Quarta feira, limbo da semana, meio caminho da vida. Acordo 7 hs e 30 min. Meu destino é um centro de atendimento para crianças no meio da vila Pinto. Sinto preguiça, eu sei por onde devo passar até chegar lá. É lixo, ruelas sem nome, crianças sem pais, passos entre o esgoto e o esquecimento. Chego no horário, mas elas iriam assistir à um filme da Walt Disney chamado "encantada". O filme inicia como desenho animado e trata de uma princesa que está prestes a se casar, quando uma bruxa a joga numa cachoeira com um fundo abismal, um lugar, segundo as palavras da bruxa, onde não existe "feliz para sempre". Ela é lançada à realidade. O que era uma princesa desenhada vira uma mulher de carne e osso (claro que a beleza se mantém). Ela sai de um bueiro e descobre um lugar barulhento, lotado, confuso, onde as pessoas não sorriem umas para as outras ou ficam cantando enquanto "passeiam" na rua. Aliás, hoje ninguém mais passeia!
Um professor me chamou para entrar no "cinema" e ver esse filme, uma criança me convidou para sentar ao seu lado. Eu sentei. Do meu lado haviam outras três, elas não pareciam interessadas no filme. Para minha surpresa elas queriam "ir conversar comigo" e disputavam entre sí quem iria primeiro (para quem não sabe, eu sou psicólogo). O que me intrigou é que a vida delas é muito pesada, então, segundo minha imaginação, elas, supostamente, deveriam querer mergulhar naquele filme. Viajar para aquele mundo protegido e ficar lá o máximo possível, naquela tela onde até o real era cheio de fantasia. Mas não! Elas queriam conversar comigo. Pasmei! Por conta desse pedido, pensei que a fantasia não preenche a carência de ninguém, apenas ilude, elas estavam dizendo que queriam contato humano verdadeiro, e não um encanto. Entendi também que amar é isso, desalojar-se desse lugar feito de espera, de ideais e imagens, é viver a dor de não ser para sempre o príncipe ou a princesa.

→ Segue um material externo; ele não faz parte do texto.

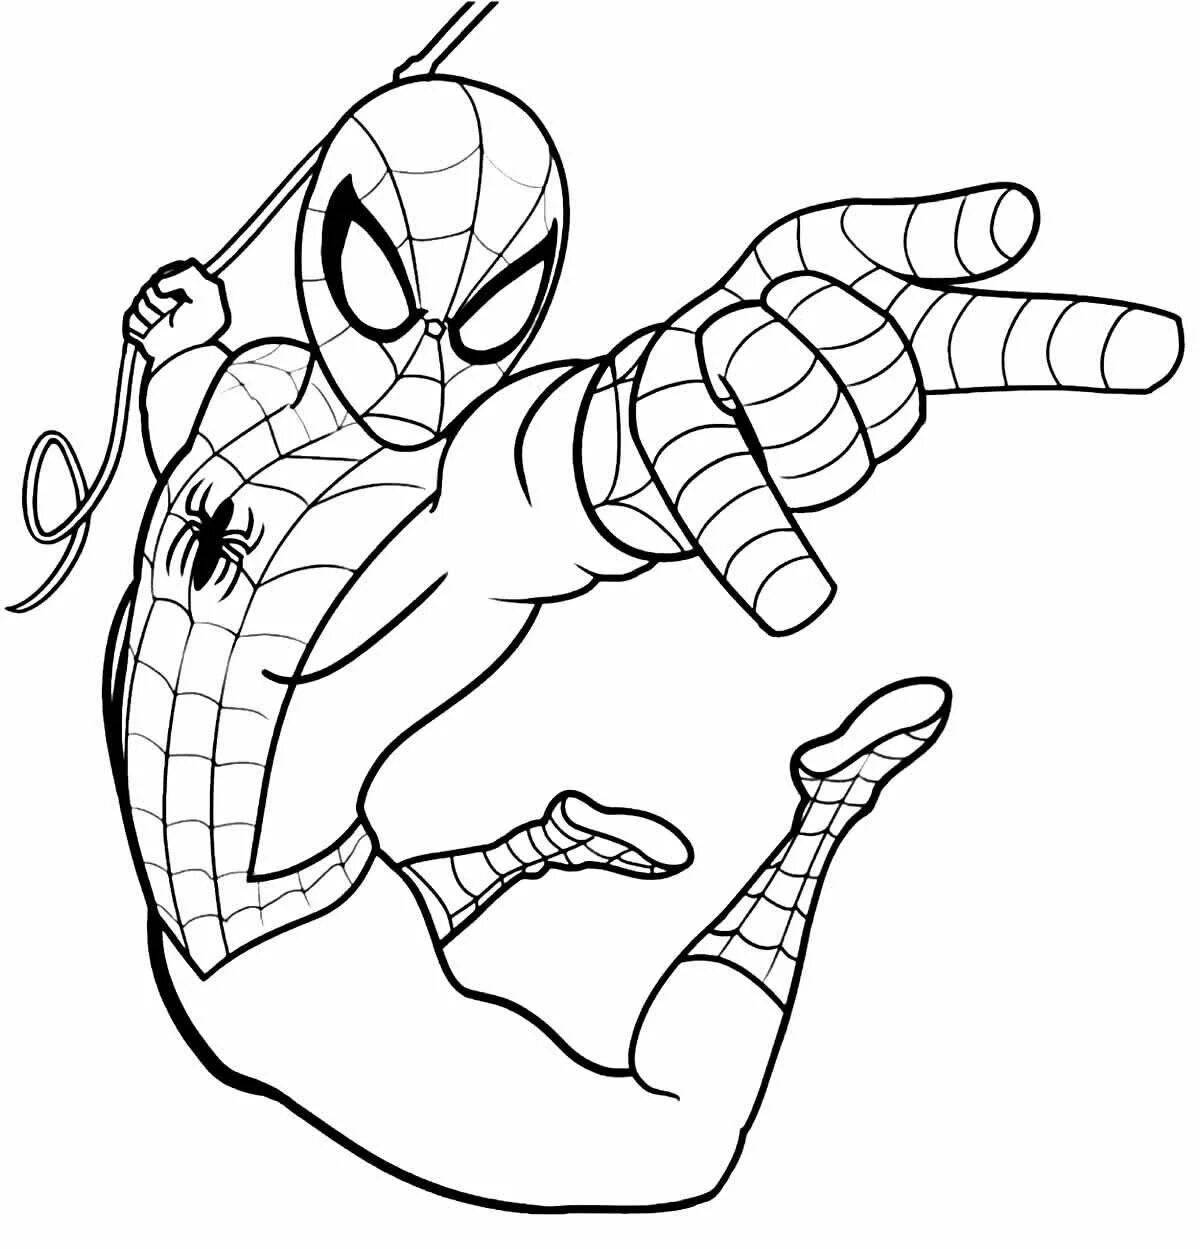 Energetic Spiderman turn on coloring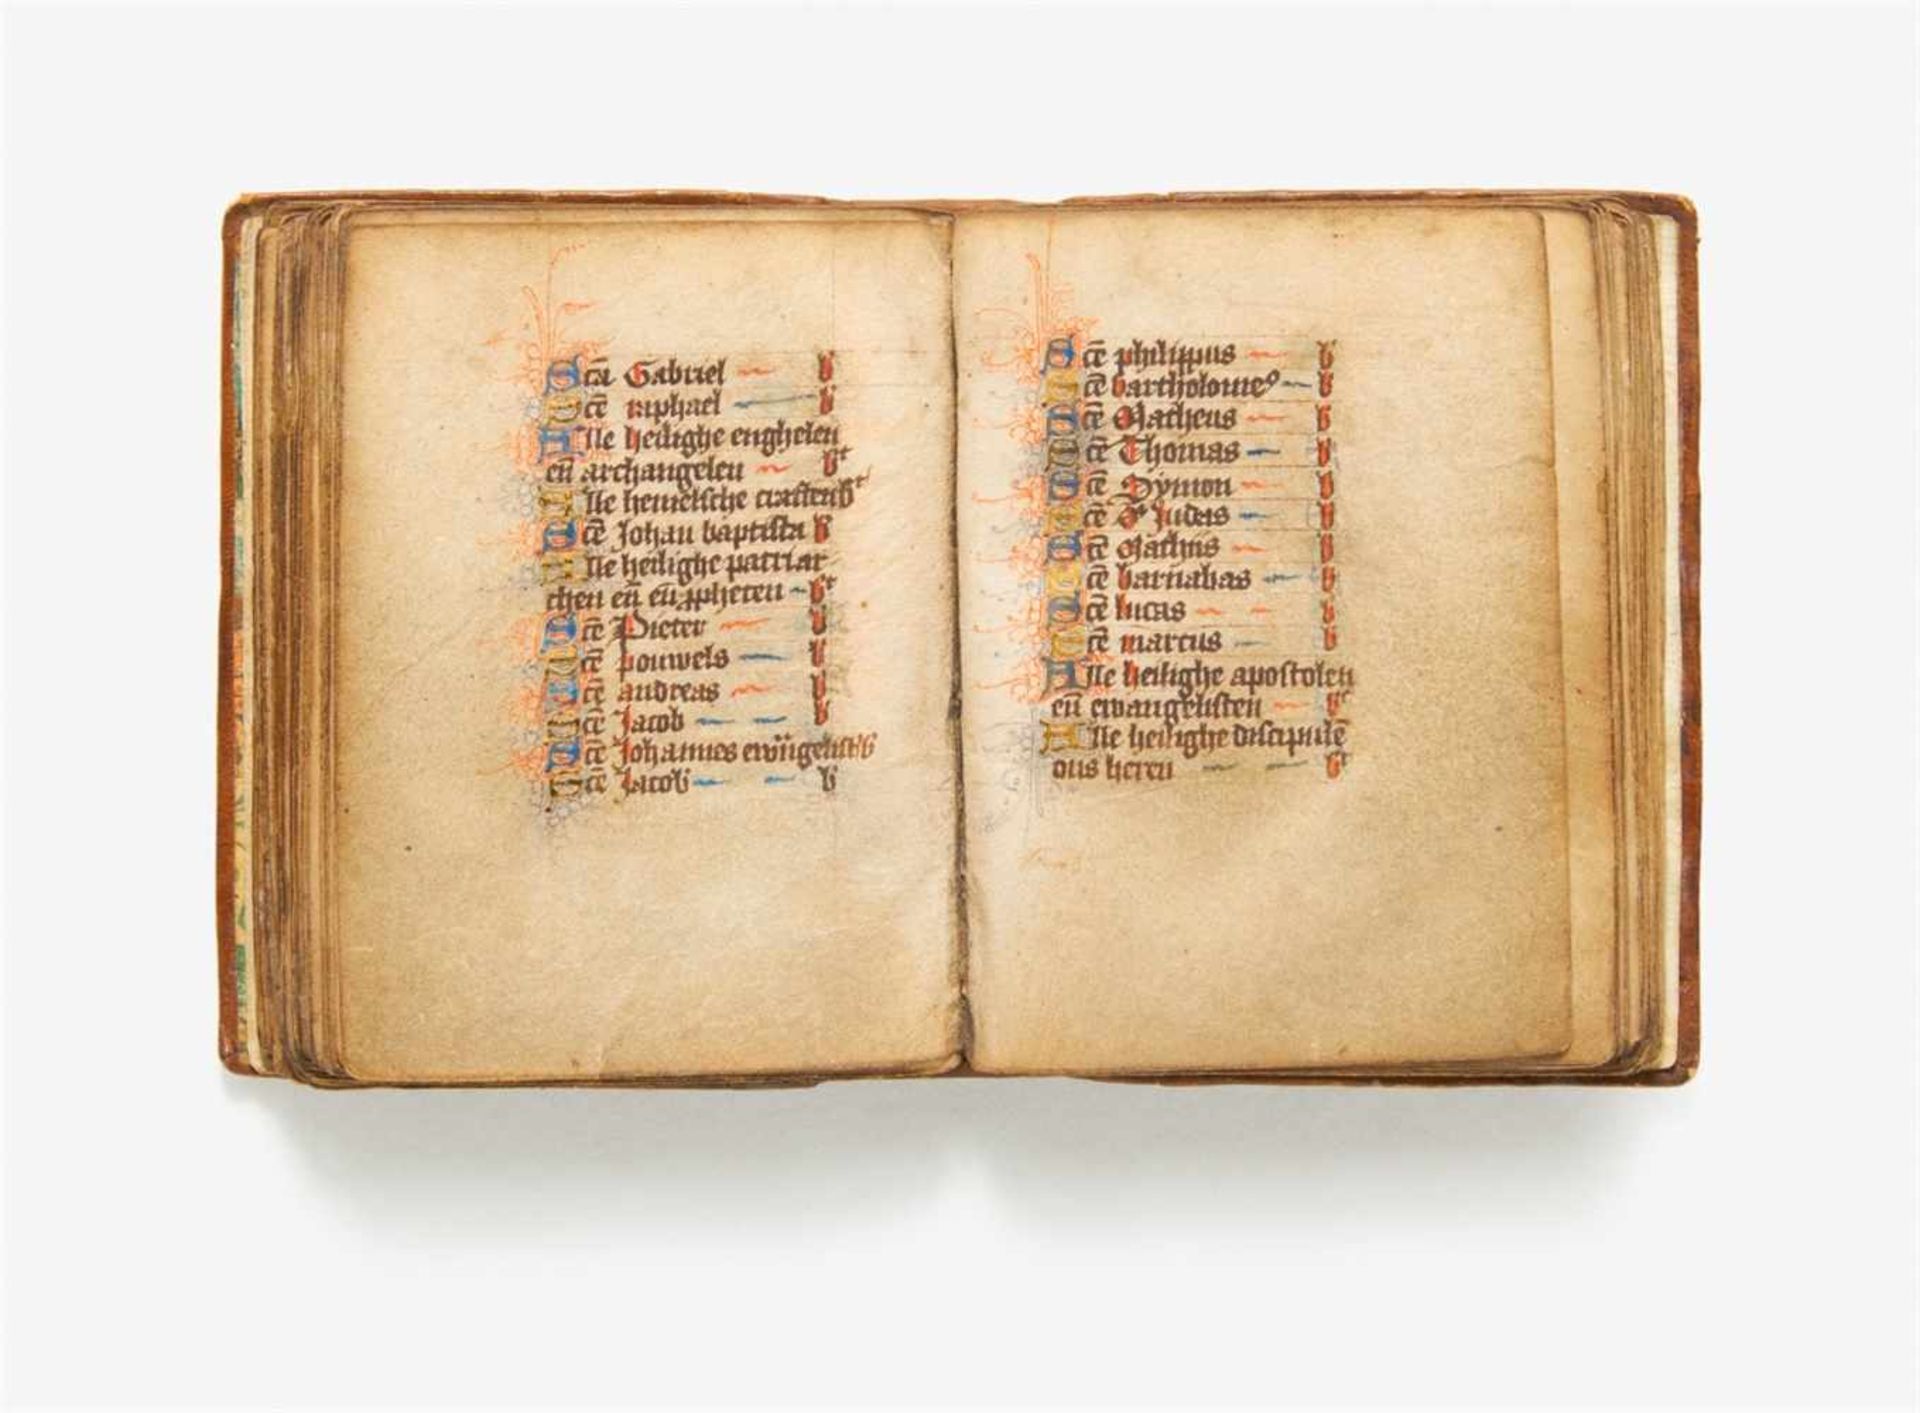 Getijdenboek. - Niederländisches Stundenbuch. Handschrift auf Pergament. Wohl nördliche Niederlande, - Image 3 of 3

Pensei que estava sendo bem mais difícil eu querer encarar a realidade do que eles próprios; por cinquenta minutos senti vontade de ver o filme, esquecer daquele mundo imperfeito ao redor, me esconder e ser criança, e consegui ser por algum tempo. Depois fui chamado por eles da terra do nunca e foi muito bom voltar. Trabalhar numa vila com crianças mal cuidadas me faz querer poder dar todo meu carinho, esquecer um pouco da técnica e da neutralidade. É uma retroalimentação. Lá eu tenho a oportunidade de poder resgatar a criança em mim também, que, como eles teve a alma machucada. Uma criança com muito medo de ser rejeitada ou amada. Ao ser um pouco pai, um pouco amigo e depois terapeuta, alguma capacidade adormecida é despertada em mim.
Confirmei que ninguém precisa ser de vila para entender o sentimento de abandono, descuido ou agressão por parte de pais. Que criança não sentiu (em diferentes medidas, é claro!) desamparo e fragilidade como essas? A diferença é que para essas, há falta ou excesso de quase tudo. Elas aprendem cedo demais que "feliz para sempre" é uma ilusão. Por isso não queriam ver o filme. Elas entendem precocemente que felicidade é agora ou talvez nunca, é algo que urge sem momento certo; depende da sorte e é sempre por pouco. Um saber que poucos "adultos" realmente adquirem.
Estou acreditando que qualquer gesto sincero de carinho nesse mundo é um tesouro. Pensava que o mundo era frio e distante. Tinha até hoje acreditado nisso, então eu preferí me encolher, ser mesquinho e egoísta também. Já era hora de descobrir que fiquei com mais dívidas com o mundo do que ele comigo.